I am running multiple jobs in a single node in the cluster.
A single node has 64 cores and 128 threads. I am simulating 8 systems containing single polymer chains of different lengths. I have done performance tests for all the systems and I got more than 5000 ns/day for all the systems for different numbers of threads.

for system1 assigns 8 threads, system2 takes 15 threads, and system3 takes 18 threads … so on.
Total 90 threads for all the systems in a single node.
I have installed LAMMPS using openmpi module.

But 22 hours later it is still running even though I only want to run 5 microseconds and my dump frequency is every 1 nanosecond. I got 20 snapshots till 22 hours and some of them are stuck.

I don’t know why is it happening. Can someone explain to me what is happening here?

Not really without knowing more details about how exactly you are running jobs.
At the moment, all that can be done are guesses and conjecture.

You are talking about “threads” but also mention “OpenMPI”, which uses processes and is different from “OpenMP” which uses threads. Either would be used with different command line flags.

If your node has 64 cores and 128 threads, then you have to realize that it uses hyperthreading, which means that the 64 cores are shared by the 128 threads (two threads to a core).
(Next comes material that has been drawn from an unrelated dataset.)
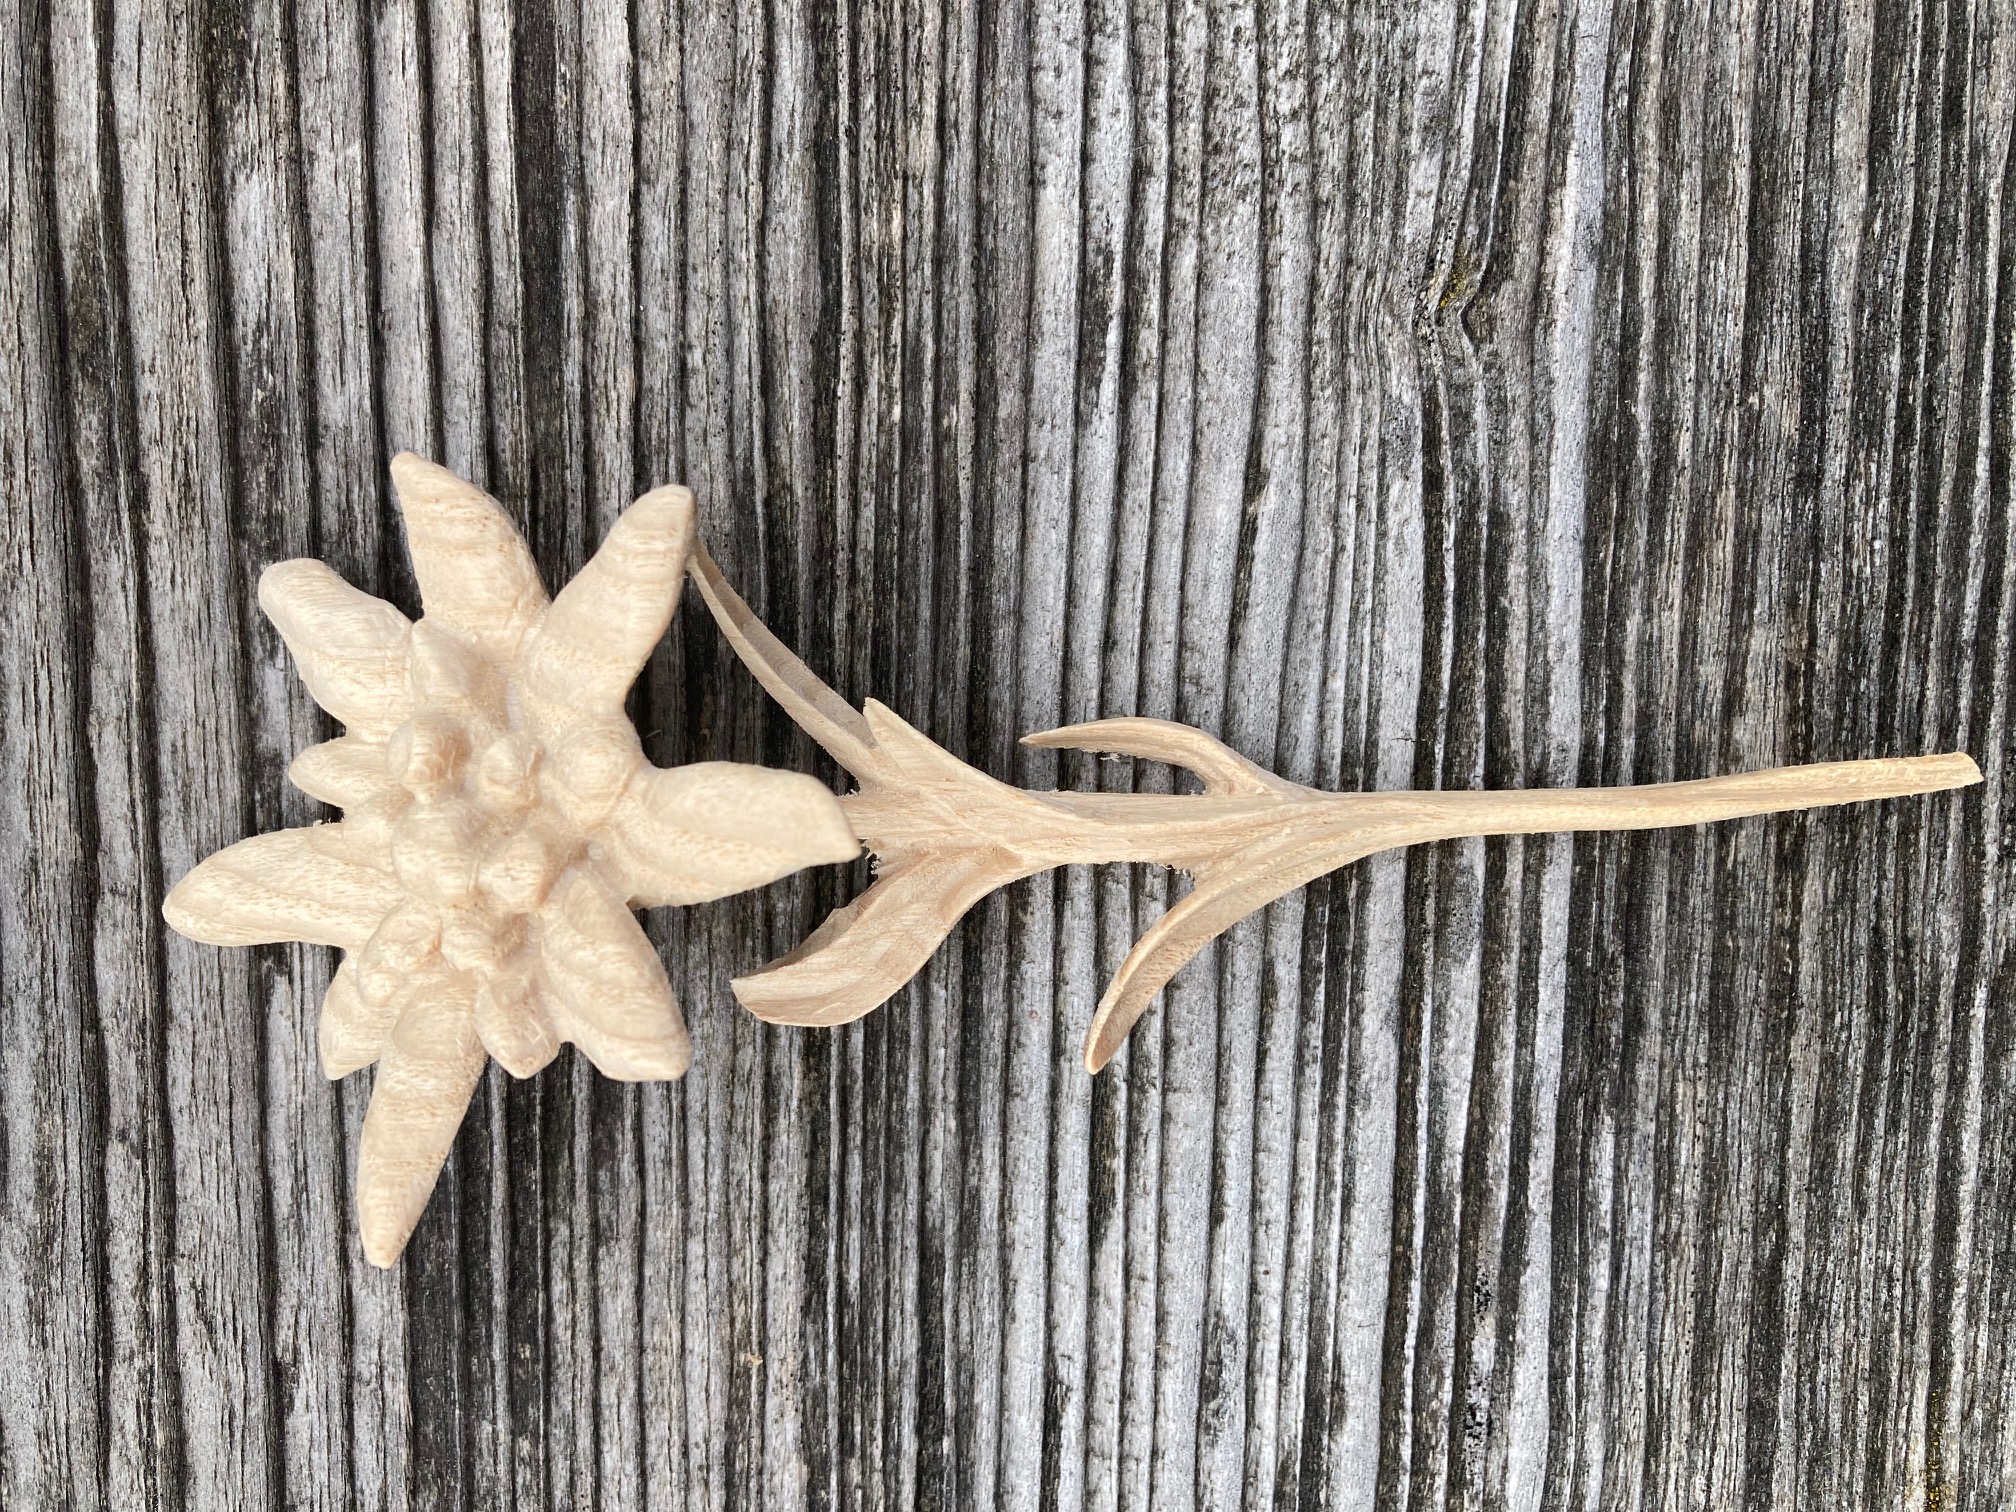 Edelweißblüte aus Holz geschnitzt z. B. für den Hut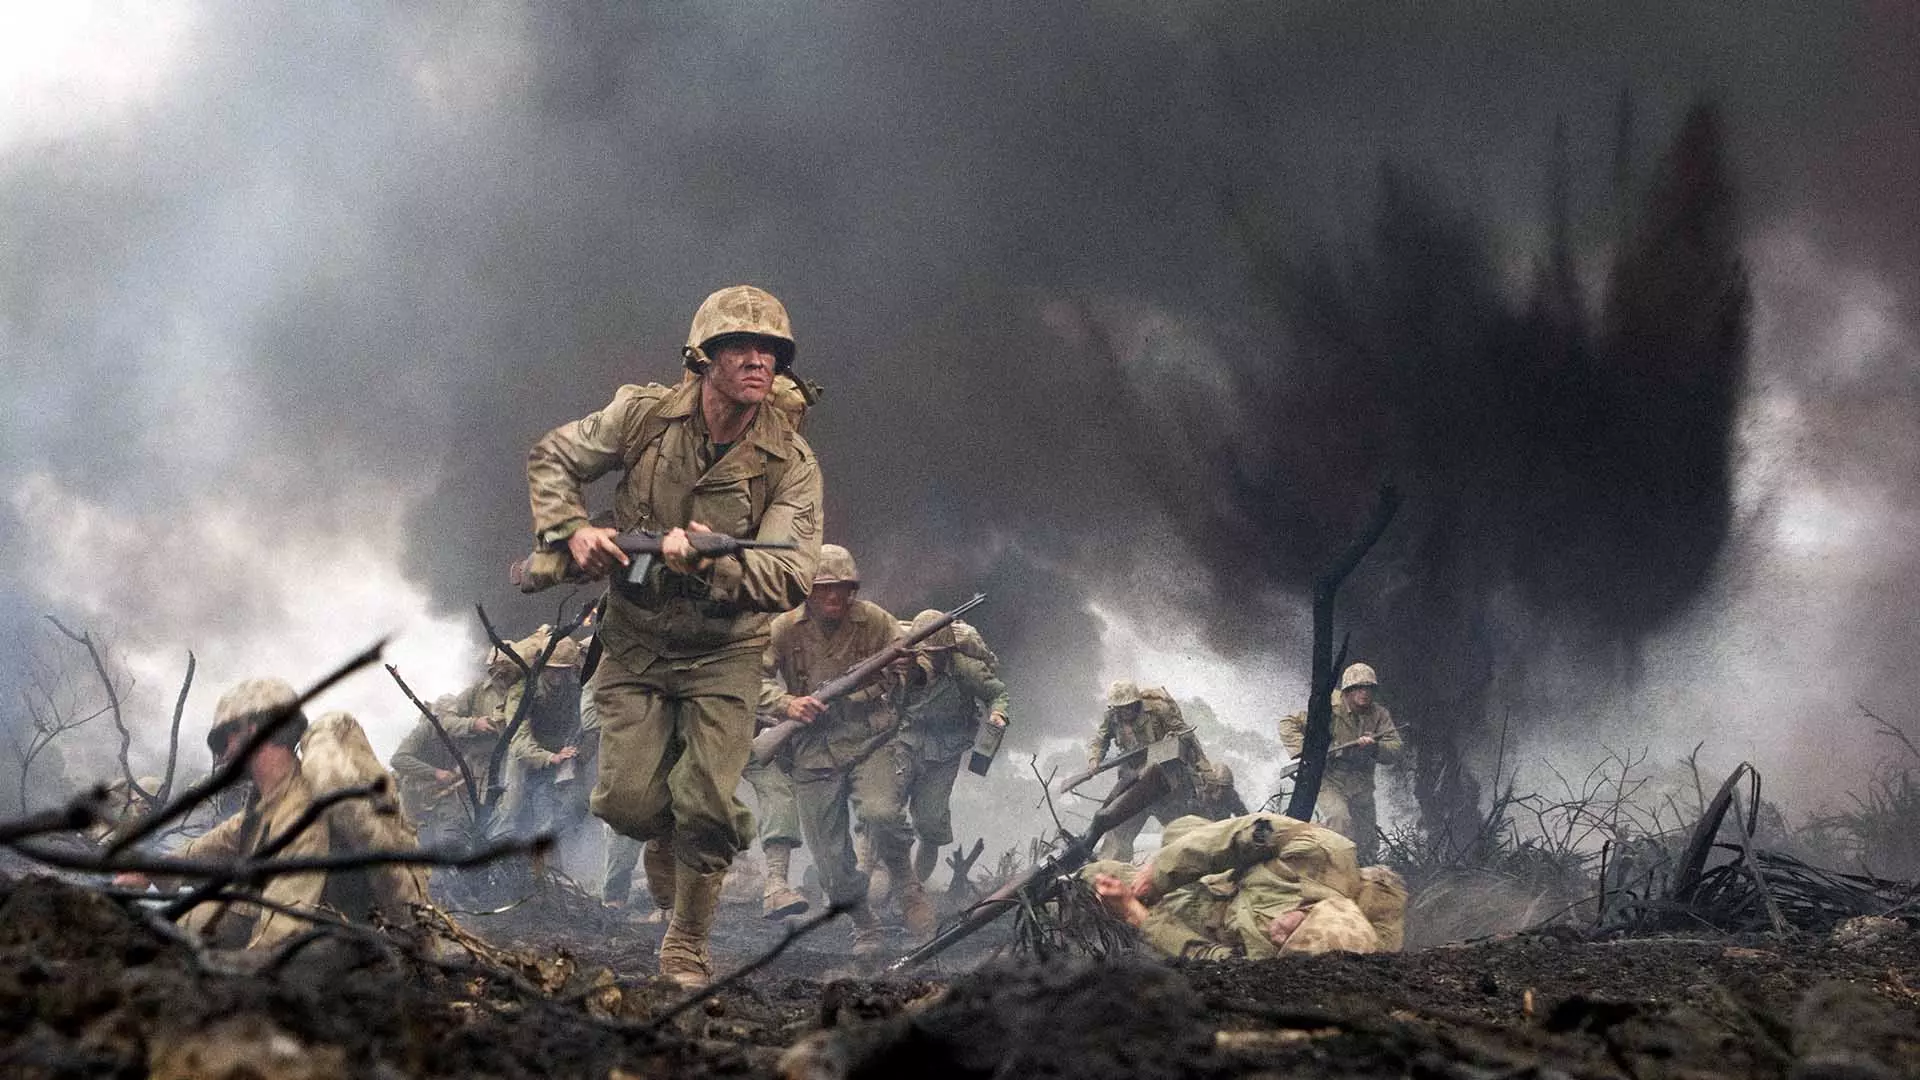 سربازی در حال دویدن در میدان جنگ در مینی سریال The Pacific

Which also means that when looking for performance, you do not want to use more than 64 MPI processes. The gain from using more than that will be very small as this doubles the demand on memory bandwidth and cuts the efficiency of the CPU caches in half.

A big problem for your calculation and a possible reason for the kind of slowdown you describe could be due to processor affinity, e.g. from multiple OpenMPI jobs assigning tasks to the same CPU cores.

At any rate, these are not LAMMPS issues but hardware / setup / MPI usage issues and thus off-topic for this forum. If you don’t know how to resolve this, you need to find somebody local with the corresponding expertise that can teach you the necessary skills.